Do Mail-Order Catalogs Still Exist?

When was the last time you saw a mail-order catalog? If you were born after 2000, chances are you don’t even know what a mail-order catalog is. These information-laden books were a favorite marketing tool of businesses in the 1900s. Today, not so much. The internet stole the limelight from the mail-order catalog just as it did away with the need for the phone book. Still, some companies still use mail-order catalogs to reach their target audience.

Do Mail-Order Catalogs Still Exist?

The Hey-Day of the Mail Order Catalog

There was a time when people would relax on the couch on a Sunday afternoon and page through the Sears mail-order catalog. They would be looking for anything from a new bed to new shoes and accessories, and Christmas presents for the kids.

Catalogs can be credited as the beginning of direct-to-consumer marketing. While the physical-print editions of mail-order catalogs have mostly gone the way of the dinosaurs, marching to extinction, companies like Amazon still use digital versions of this powerful marketing strategy. Catalogs online, whether virtual or digital, offer companies and brands a way to get their wide selection of products in front of their target market.

For instance, would you pick up a catalog if you never buy anything from the retailer producing it? Probably not. Catalogs present a significant amount of information in an organized and concise manner. They highlight company news, products, and special promotions, driving more business to their stores or websites.

With their broad appeal and sales generation ability, catalogs are still popular with businesses in all categories.

Mail Order Catalogs Offer Measurable Results for Businesses

When companies launch a marketing campaign, they want to capture as much return on investment (ROI) from the activity as possible. Catalogs are tremendously expensive to produce and distribute, so most companies put printed catalogs on the back burner in favor of digital solutions that cost a fraction of the price.

That said, sending catalogs by mail can still be incredibly effective at driving sales.
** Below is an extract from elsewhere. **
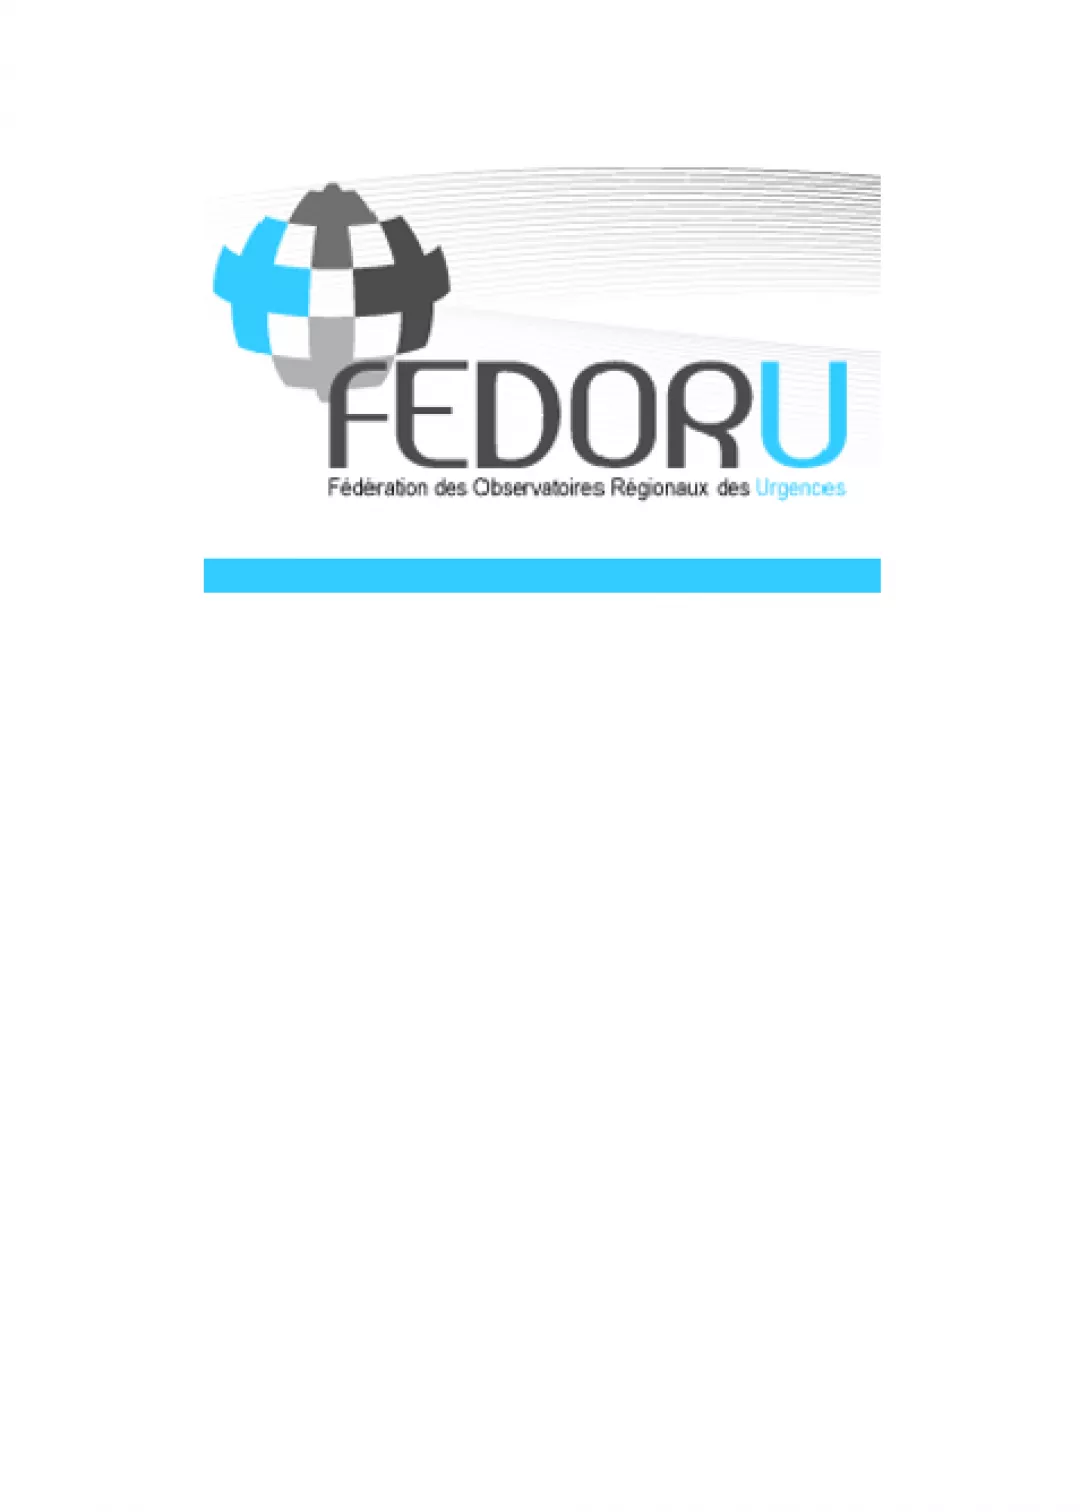 Logo Fédoru

According to data and research from the United States Postal Service, 60 percent of people who read catalogs will also visit a company’s website. Most product purchases finalize after the eighth touch. Therefore, exposing prospects to your products as often as possible increases the chances of closing a sale.

History of Mail-Order Catalogs

Here are two examples of the most iconic mail-order catalogs published by two American companies that still have a huge market share in their respective niches.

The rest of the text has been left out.